We laughed when we saw Crikey’s political crew was attempting to pull together a punter’s guide to political media doublespeak.
Clearly sport, and especially the various football codes, have mastered this
art. In no particular order, here’s how to translate the sports
quotes coming soon to a TV, radio or PC near you:

“We’re not using injuries as an excuse, but it
was certainly hard for some of our youngsters out there on the park today.” – Yep, we’re using injuries as an
excuse.

“We don’t see this as a setback,
but rather as another challenge to be met.” – Losing our best eight players to
injury and suspension basically means we’re stuffed.

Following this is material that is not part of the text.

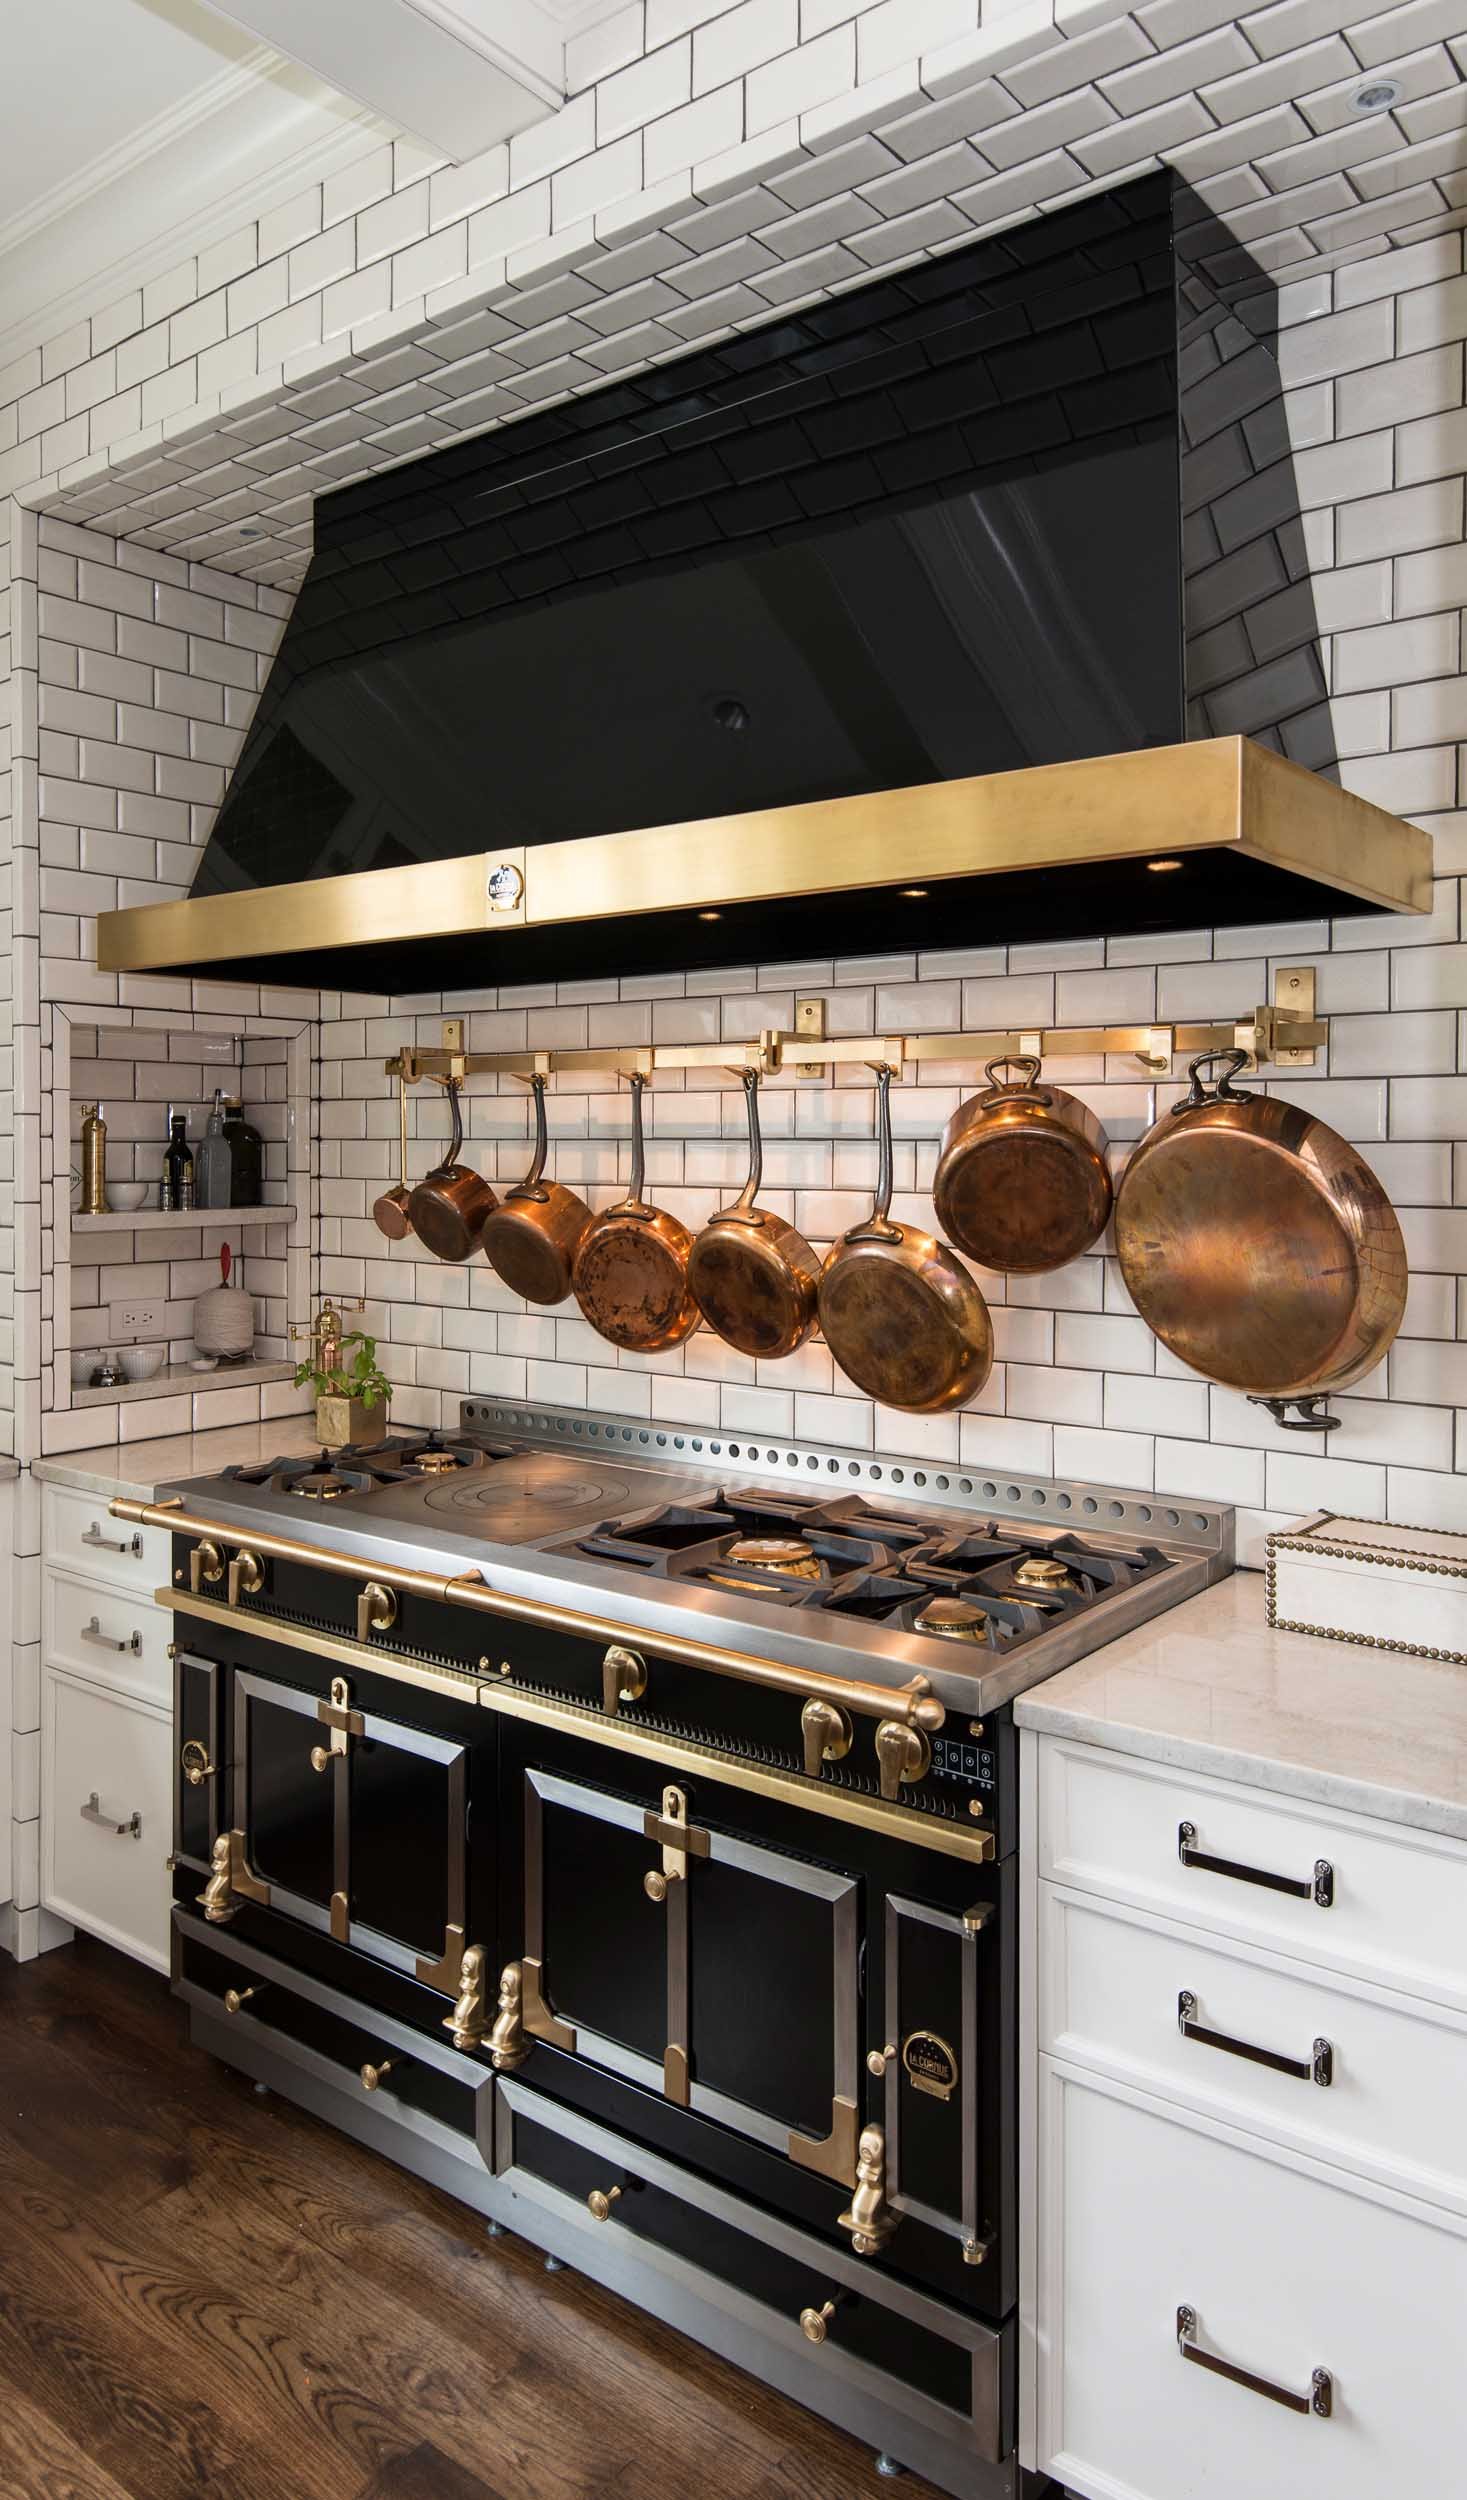 View of copper pots and pans hanging over a high-end range with brass fixtures

“Bluey and I don’t have a problem.
There’s no issue between Bluey and myself.” – Hide the knives if these two are
in the same postcode.

“We’re really excited by the crop
of young kids we’ve got coming through.” – Wow, we’ve found three blokes who
can actually run!

“We’ve had a terrific pre-season.” – We had a terrible last season.

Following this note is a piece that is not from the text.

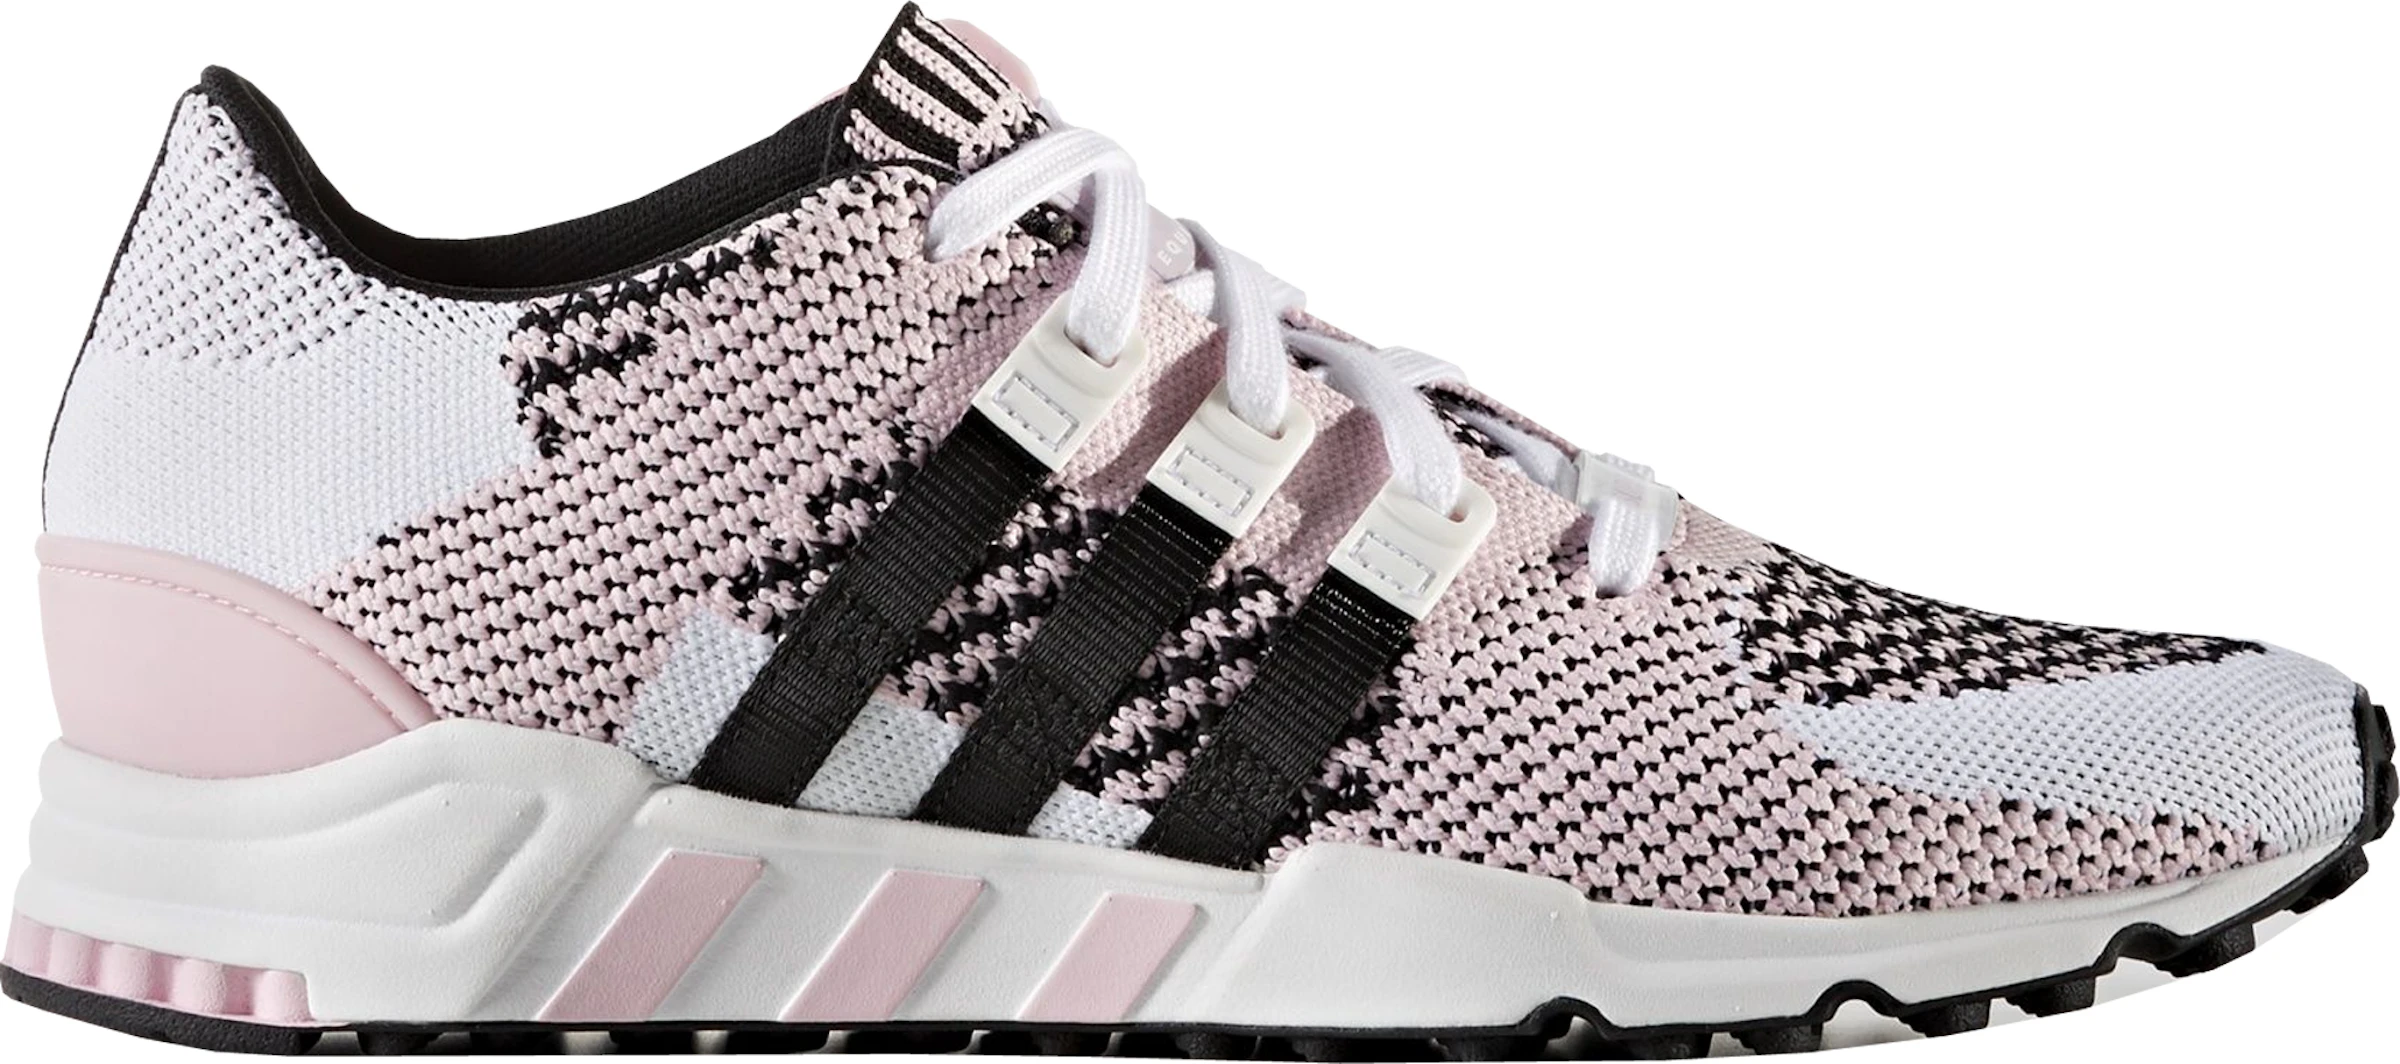 adidas Support Primeknit Pink Black (W) - BY9601 -

“We’re fitter than we’ve ever
been.” – That’s not saying much. We’ve
never really been fit at all.

“Smithy’s just got a little
niggle, he should be fine this week.” – Condolences to Smithy’s family,
as he passed away two days ago.

“The coach has the full support of
the Board.” – He’s dead meat.

“The players are just lacking a
bit of confidence at the moment.” – We’ve all been forced to face the
unavoidable truth … we’re cr*p.

“Look, I’m a big believer in ‘what
happens on the field stays on the field’.” – “We know our fans will be bleeding
after a loss like that” – More importantly, our sponsors
will be putting away their chequebooks.

“We have a great respect for the
traditions of this game (or club)” – especially those that we can
monetise in some way.

“Certainly we respect [name of
opponent], but we don’t fear them.” – We haven’t got a hope in hell of
beating them but we can’t say so.

“We’d like to apologise to
our fans. We owe them better than that.” – God, membership turnover might
suffer here.

“I’m The Man. I told you I was The
Man and I proved it.” – Sh*t, I actually won!